> Given data:
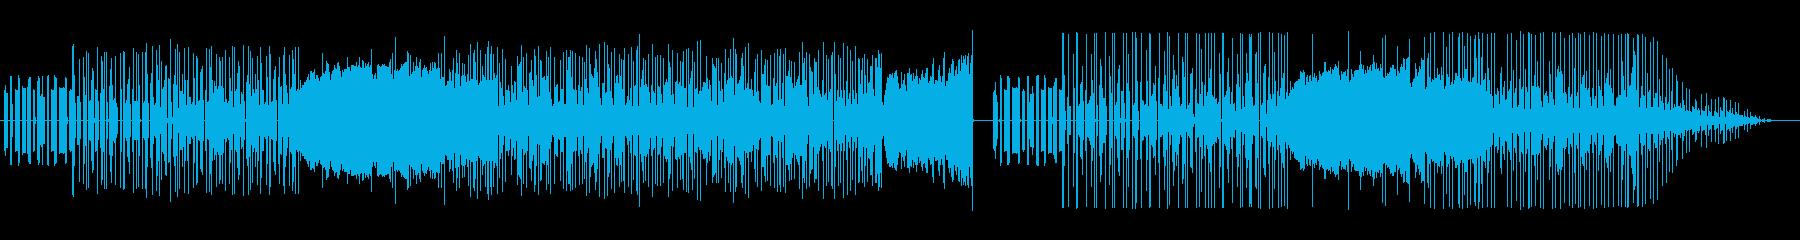 ファミリーコンピューターな音楽の再生済みの波形
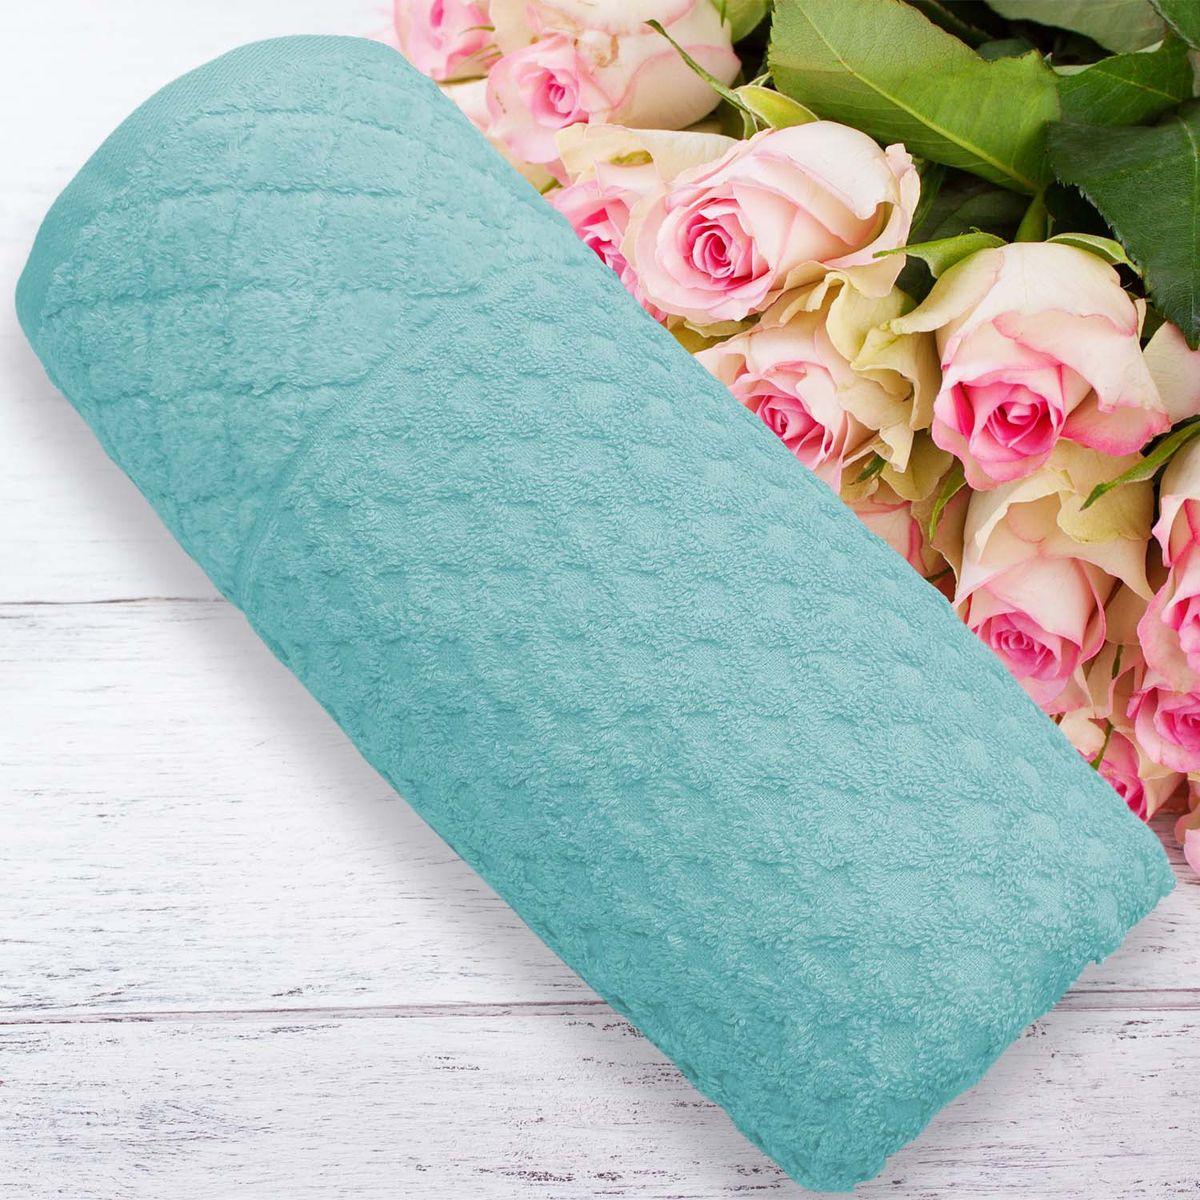 """Полотенце банное Amore Mio AST Rumba, цвет: изумрудный, 140 х 70 см2496Коллекция выполнена из чистейшего (100%) узбекского хлопка. Одно легкое касание - и ткань впитает всю влагу с Вашей кожи. Это благодаря тому, что пряжа изготовлена из сырья средней длины, что улучшает качество нитей и наделяет изделие уникальными впитывающими свойствами. Также, ткань обработана специальным способом """"мерсеризация"""", что придаёт изделию дополнительную мягкость. В процессе использования полотенца бережно массируют кожу, улучшая кровообращение, а их воздушная, мягкая текстура не вызывает раздражения. После первой же стирки изделие увеличивается в объеме, петли поднимаются и уплотняются, благодаря чему приобретается благородный вид. Яркость и насыщенность цвета обеспечивают высококачественные красители. Перед первым применением рекомендуется стирка. Не желательно стирать махровые изделия на больших оборотах и в режиме «экономия воды». Размерный ряд: 50*90 см и 70*140 см."""
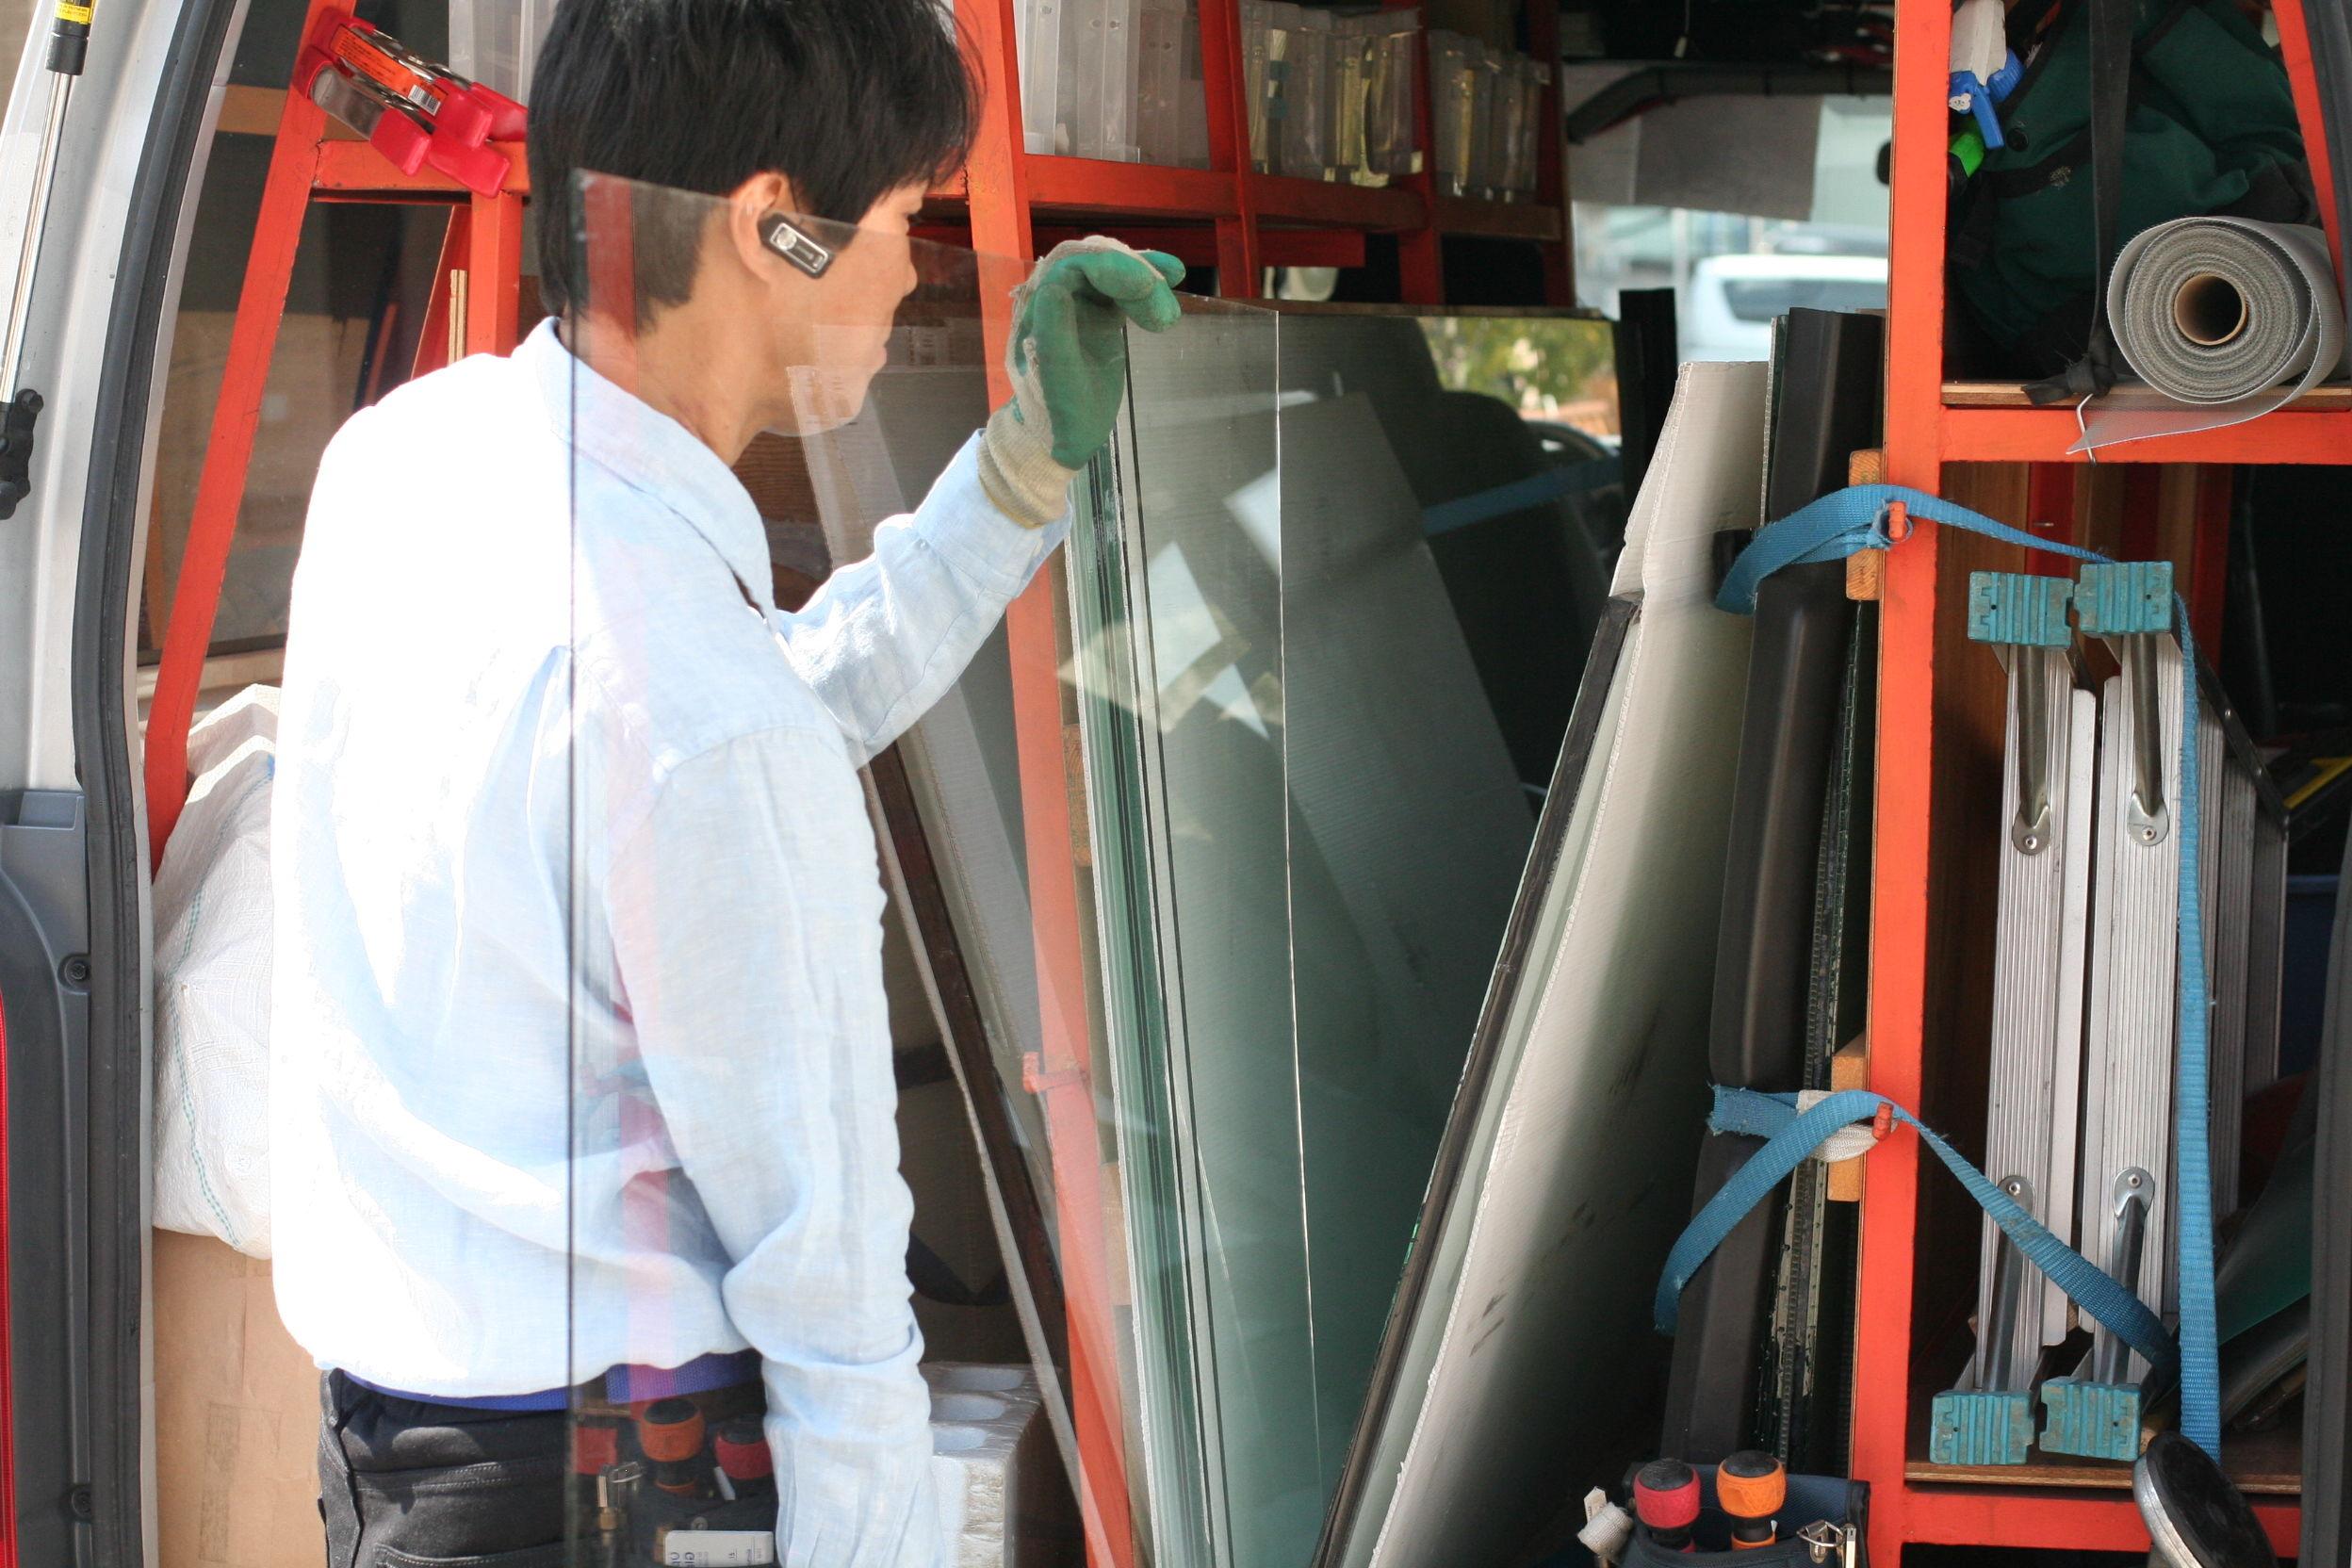 ガラスのトラブル救Q隊.24【横浜市神奈川区 出張エリア】の店内・外観画像4
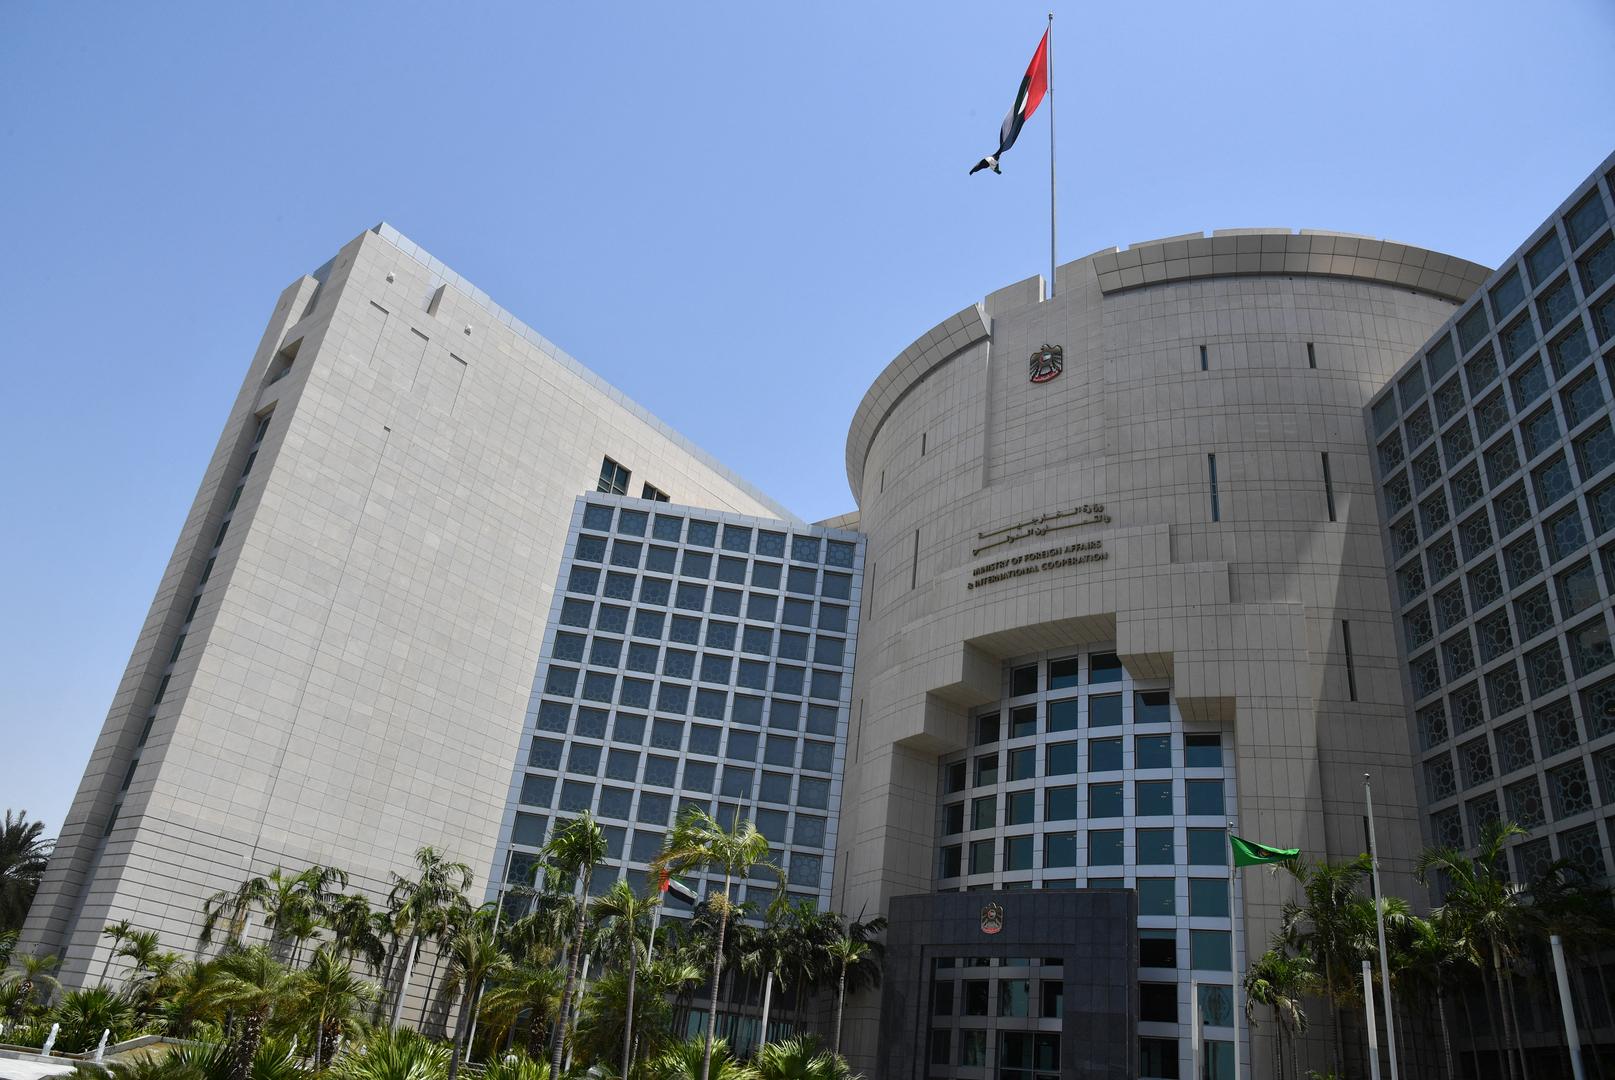 الإمارات تصدر بيانا حول قضية التجسس عبر برنامج

> What the task requires:
Where the data contains images, drop them and print the rest exactly.

> Result for this task:
 ファミリーコンピューターな音楽の再生済みの波形
 """Полотенце банное Amore Mio AST Rumba, цвет: изумрудный, 140 х 70 см2496Коллекция выполнена из чистейшего (100%) узбекского хлопка. Одно легкое касание - и ткань впитает всю влагу с Вашей кожи. Это благодаря тому, что пряжа изготовлена из сырья средней длины, что улучшает качество нитей и наделяет изделие уникальными впитывающими свойствами. Также, ткань обработана специальным способом """"мерсеризация"""", что придаёт изделию дополнительную мягкость. В процессе использования полотенца бережно массируют кожу, улучшая кровообращение, а их воздушная, мягкая текстура не вызывает раздражения. После первой же стирки изделие увеличивается в объеме, петли поднимаются и уплотняются, благодаря чему приобретается благородный вид. Яркость и насыщенность цвета обеспечивают высококачественные красители. Перед первым применением рекомендуется стирка. Не желательно стирать махровые изделия на больших оборотах и в режиме «экономия воды». Размерный ряд: 50*90 см и 70*140 см."""
 ガラスのトラブル救Q隊.24【横浜市神奈川区 出張エリア】の店内・外観画像4
 الإمارات تصدر بيانا حول قضية التجسس عبر برنامج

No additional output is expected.